The PCC is an operation of the Philippine Department of Agriculture and is devoted to improving the country’s water buffalo, known as the swamp buffalo or carabao (Bubalus bubalis carabanensis). These cattle are the most common beast of burden in the Philippines as well as other parts of southeast Asia and have been for millennia. Water buffaloes are better able to handle the wet, muddy conditions of much of the country than Eurasian cattle (genus Bos) and are especially well-suited for work in rice paddies. Carabao are also used for dairy and meat production in the Philippines and are critical to the well-being of the country’s numerous low-income farmers. The PCC is devoted to promoting, conserving and improving the potential of the country’s carabao, using the most modern methods available to make each successive generation of Philippine cattle better and more useful than its predecessors.
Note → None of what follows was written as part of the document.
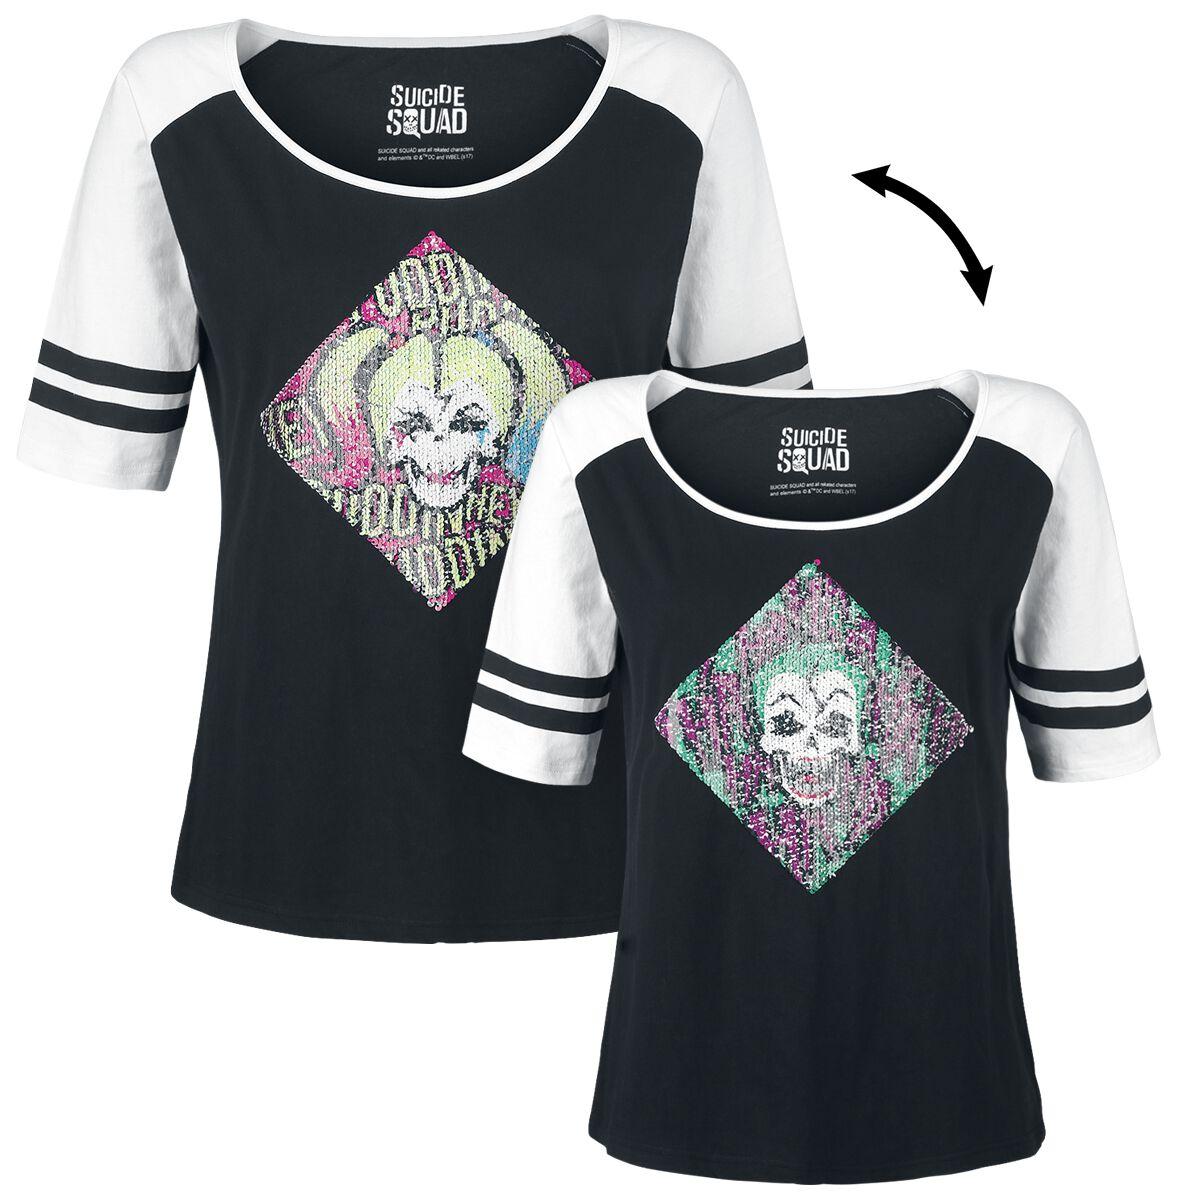 Image of   Suicide Squad Harley and Joker Girlie trøje sort-hvid

Working with carabao in the Philippines is more difficult than working with cattle in the US or Europe. As Dr Flores of the PCC puts it, “The traditional idea we have of large farms is actually not existent in Asia or even in the Philippines. What we have [are] small farmers with one, two, five, 10 buffaloes. We are talking about small numbers of animals, and that makes traditional progeny testing or breeding program implementation very difficult.” Many breed-management tools simply cannot be applied to these kinds of small populations. These small farmers and their communities do not have the wherewithal to pay for expensive genotyping tests on their own, least of all at the scale required for such scattered populations, but the PCC can collect this data for them.
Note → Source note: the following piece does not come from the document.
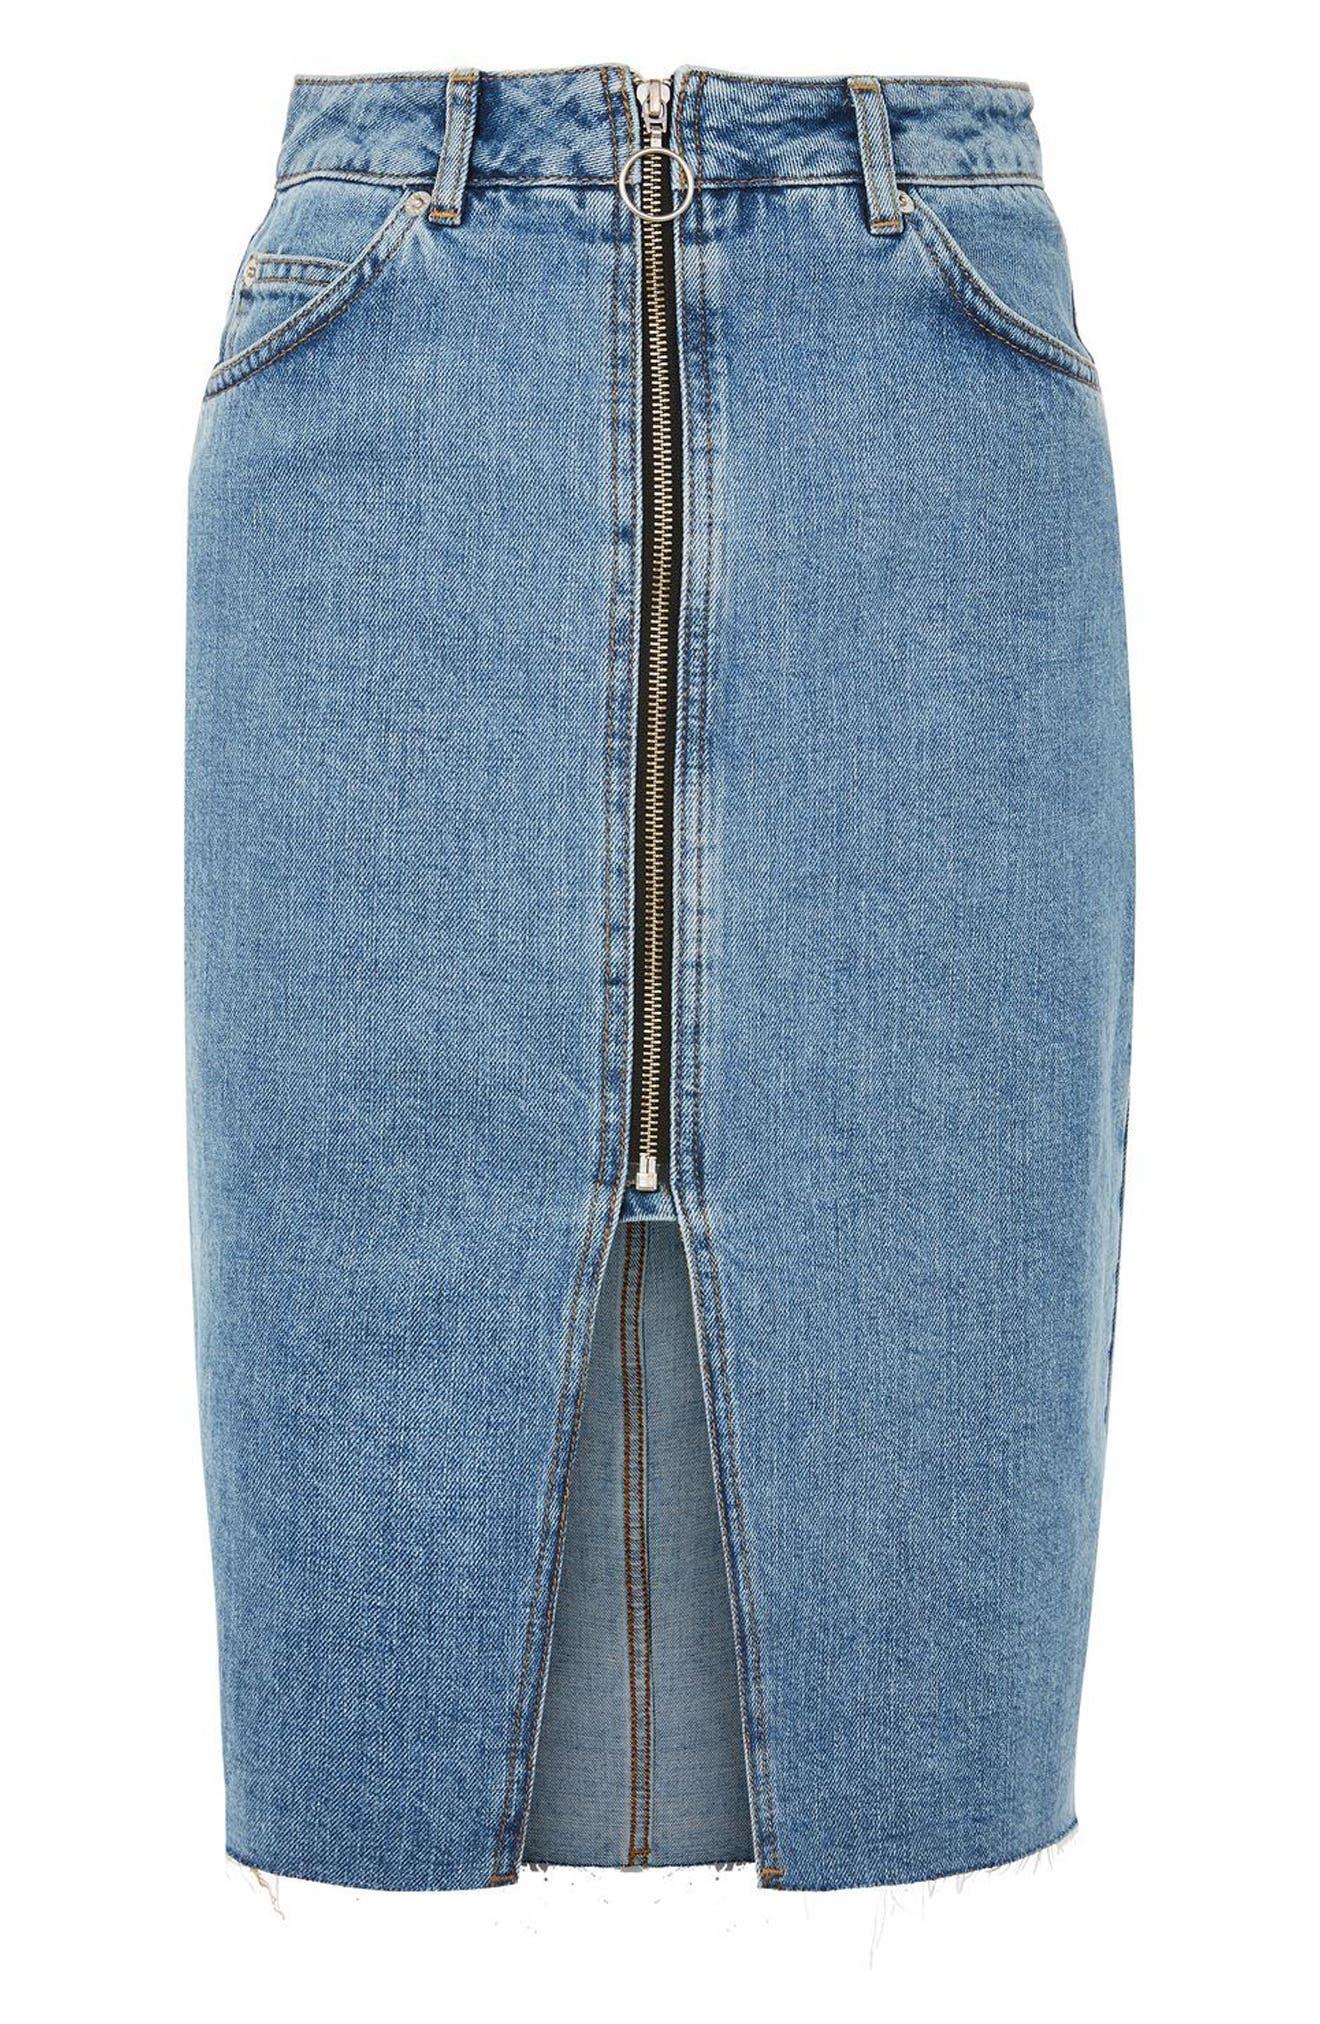 Zip Denim Skirt,                             Alternate thumbnail 3, color,                             400

Thermo Fisher Scientific’s Axiom™ Buffalo Genotyping Array was used with the Bubalus bubalis subspecies. This microarray was designed by the Microarrays Expert Design programme in collaboration with the Buffalo Genome Consortia, which included the Italian Fondazione Parco Tecnologico Padano in Italy, Iowa State University in the United States, and the Agricultural Research Service of the United States Department of Agriculture (USDA). Scientists from the PCC contributed to efforts to sequence the carabao genome, laying the groundwork for this sizable undertaking. This is the only commercially available SNP chip for buffalo, and the PCC put it to use to improve carabao stock in the country. In a genome-wide association study, Dr Flores, Dr Herrera and their team discovered several useful markers. “We were able to identify 16-18 SNPs that are associated with milk yield, fat yield, and protein yield,” explains Dr Herrera. The team also gained insight into the structure of the carabao population, in particular identifying which subsets show signs of interbreeding with the closely related river buffalo. This data will help bring carabao breeding to the level of sophistication seen in other bovine breeding operations around the world.

Dr Herrera describes the Axiom suite as very user-friendly and efficient, providing a speedy workflow that enables the PCC to collect information about many individual animals at once and process it quickly. In his report on the efficacy of the Axiom Buffalo Genotyping Array, Dr Herrera notes “the genotyping array will be useful for genomic studies in the four buffalo populations.” Their experience working with Thermo Fisher has been positive and they look forward to extending it in new directions. “We can apply what we learned with Thermo Fisher to other livestock species,” Dr Herrera notes, and there is no shortage of questions that Axiom tools can help answer in the Philippines.

This project was funded by the Philippine Council for Agriculture, Aquatic and Natural Resources Research and Development of the Department of Science and Technology (DOST-PCAARRD).